“Mais c’est bien Babida le bûcheron, l’étrilleur du monstre de la montagne interdite. Il lui avait été attribué la plus haute médaille d’honneur et de mérite par le Grand Batang IV, prédécesseur et père de l’empereur régnant pour sa bravoure et son action héroïque lorsque la nation fut attaquée il y a de cela quinze ans par la terreur de la colline maudite.” L’oncle maternel de Suzie lui révéla le passé.
“Nom d’une pipe ! C’est bien lui, Bibi,” confirma grande mamie à son fils. Les yeux lui sortirent de l’orbite, si grandement estomaquée fut-elle.
“Oui, maman! Il n’y a aucun à cela.” Oncle Bibi abonda dans le sens de la vieille femme.
À peine la vraie identité de Babida fut déclinée que les voisins l’encerclèrent puis l’enlacèrent tout en scandant son nom.
“Babida le bûcheron, le sauveur du peuple Batang, l’étrilleur du monstre de la montagne interdite,” chantaient-ils.
Surprise par le témoignage de son oncle, Suzie fut frappée de curiosité. Et alors que la foule tournait autour de Babida et lui vouait un culte, elle commença confuse, une série de questions à l’endroit du frère aîné de sa feue maman.
“Mais oncle Bibi, je ne comprends pas. Où est donc cette montagne interdite ? Je n’en ai jamais entendu parler. Et pourtant, je vis sur cette terre depuis dix-huit ans.” Suzie s’adressa à son oncle qui lui accordait toute son attention.

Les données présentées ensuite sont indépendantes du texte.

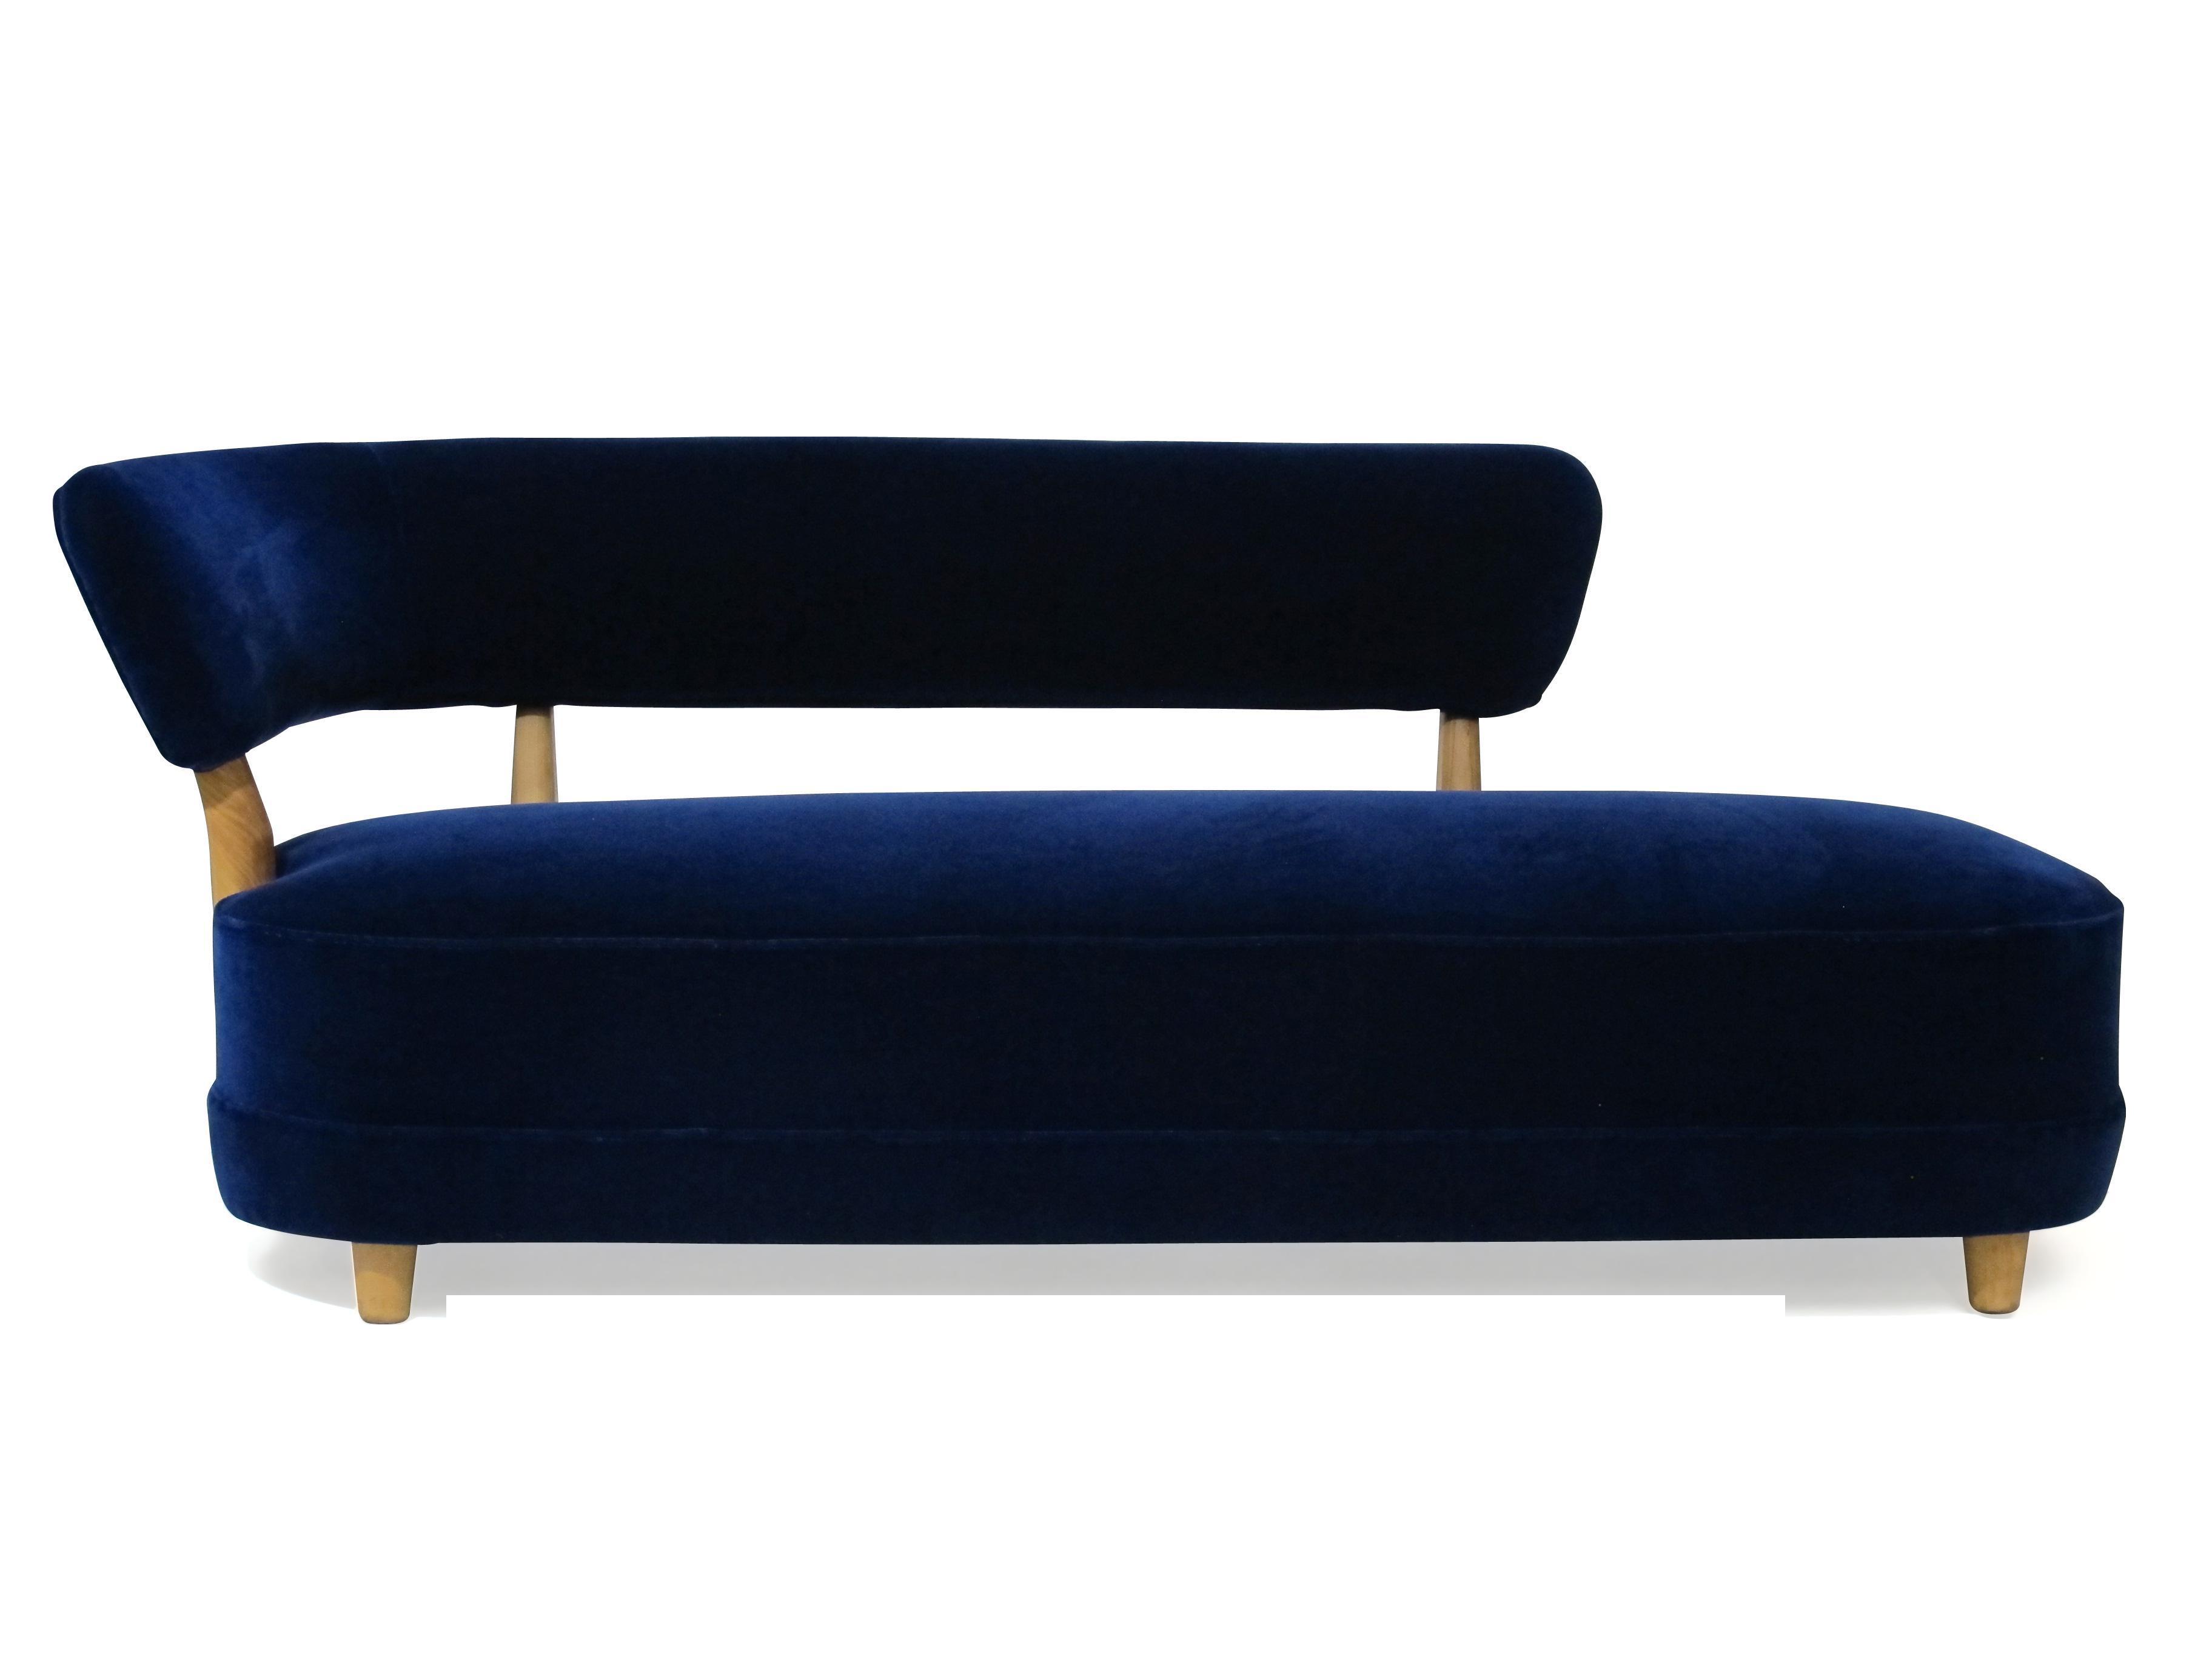 Lovely Otto Schultz for Boet 1940's Danish Deco Sofa

Elle poursuivit son développement : “Tu as affirmé que l’agression du monstre s’est produite il y a une quinzaine d’années. Ce qui veut dire que j’avais trois ans d’âge à l’époque. Et donc, j’ai vécu le triste événement. Seulement, au moment où nous dialoguons, je n’en ai aucun souvenir. Comment cela se fait-il ?”

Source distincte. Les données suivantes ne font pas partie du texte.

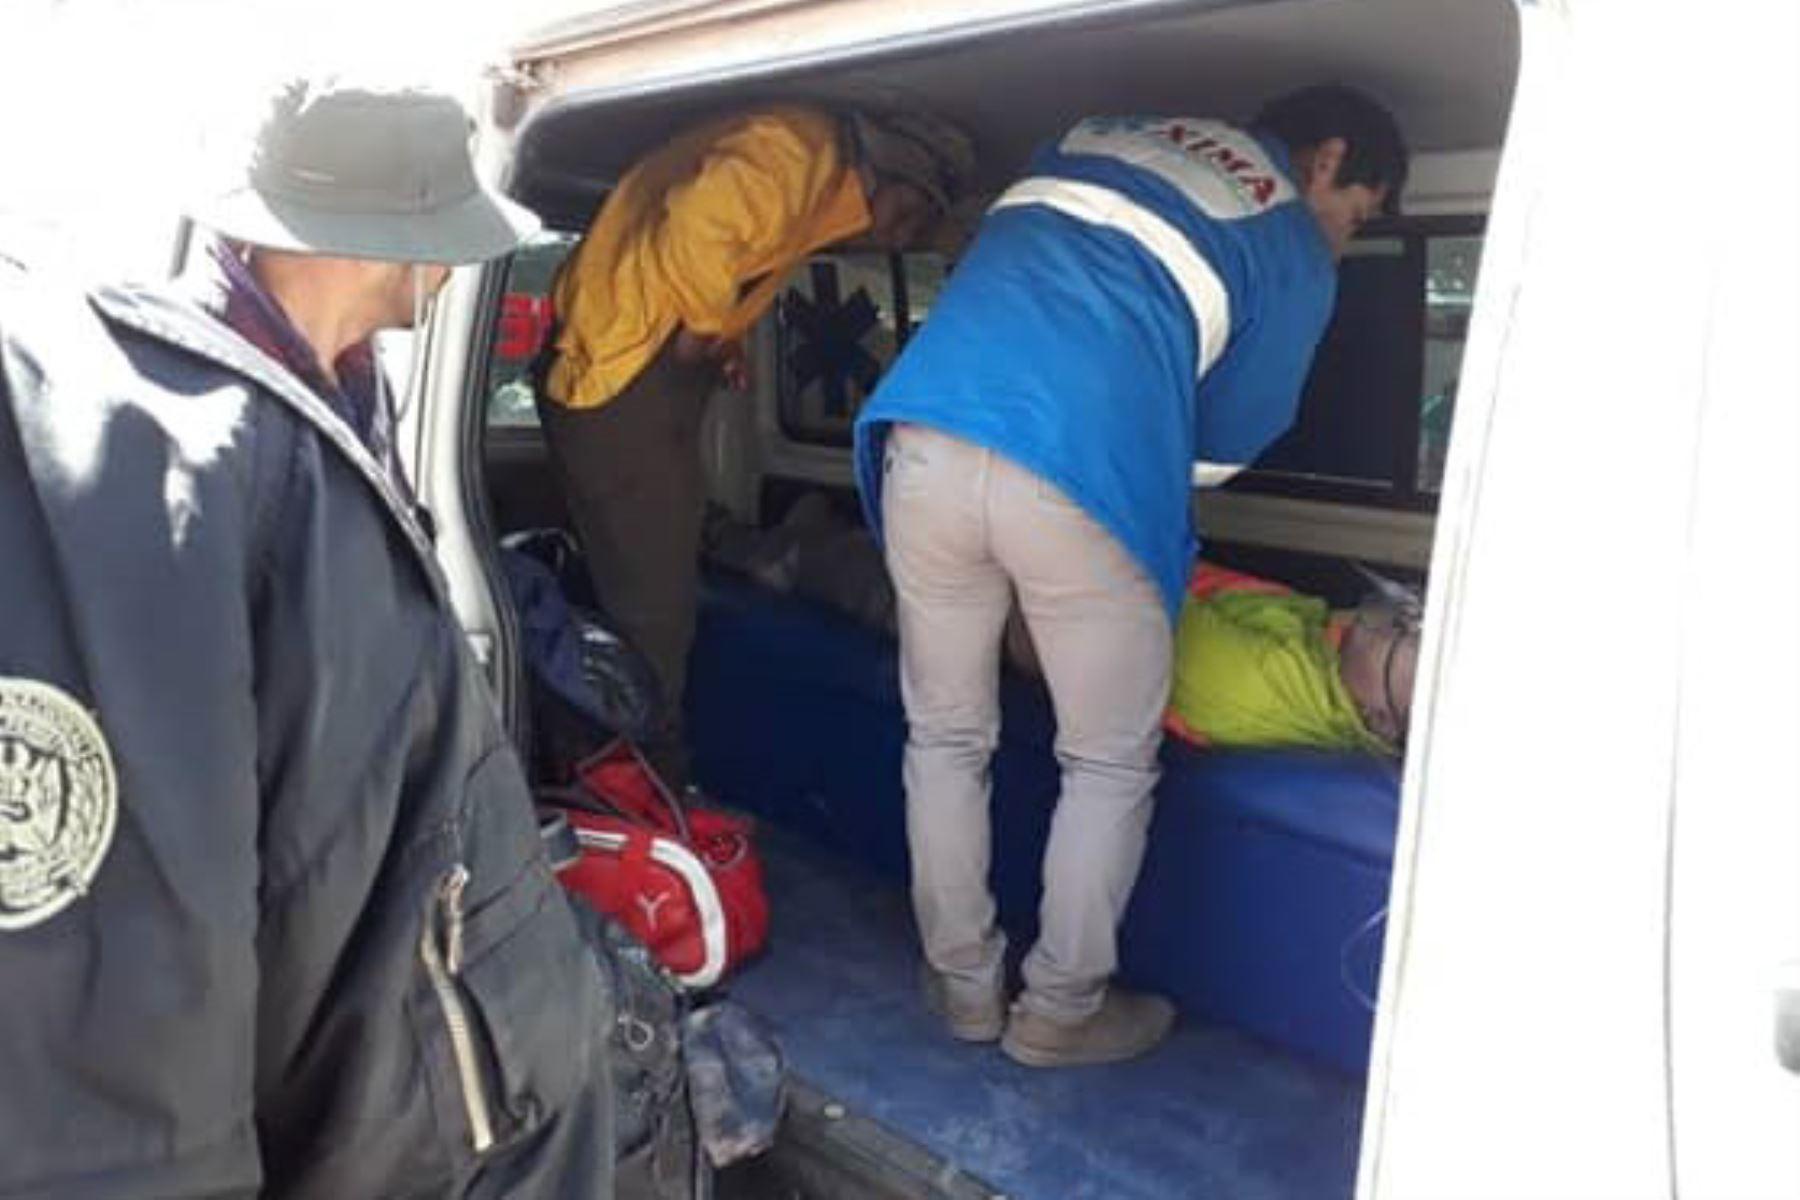 Turista coreano-estadounidense fallece al llegar a cumbre del Winikunka o montaña de 7 colores, en Cusco. ANDINA

Oncle Bibi resta bouche cousue alors qu’elle prolongeait un peu plus son élaboration : “Pourquoi n’ai-je jamais été au courant de l’existence de cet homme, Babida le bûcheron ? Les héros de cet empire sont-ils proscrits d’apparition ou de mention publiques ? Ce qui serait bien évidemment aberrant.”
La litanie de Suzie étant enfin achevée, son oncle s’éclaircit la voix et répondit : “Eh ben, écoute-moi bien ma petite chérie !”
Et soudain…un puissant coup de tonnerre éclata et une obscurité paranormale s’accapara des lieux. Des gouttes de pluie se mirent à tomber. La foule qui tournoyait autour du bûcheron se dispersa. Il fut abandonné au milieu du jardin. Grande mamie retourna à l’intérieur du chalet et invita Suzie et oncle Bibi à la suivre mais ceux-ci l’ignorèrent. L’orage s’intensifia.
Oncle Bibi entra alors dans une rétrospective.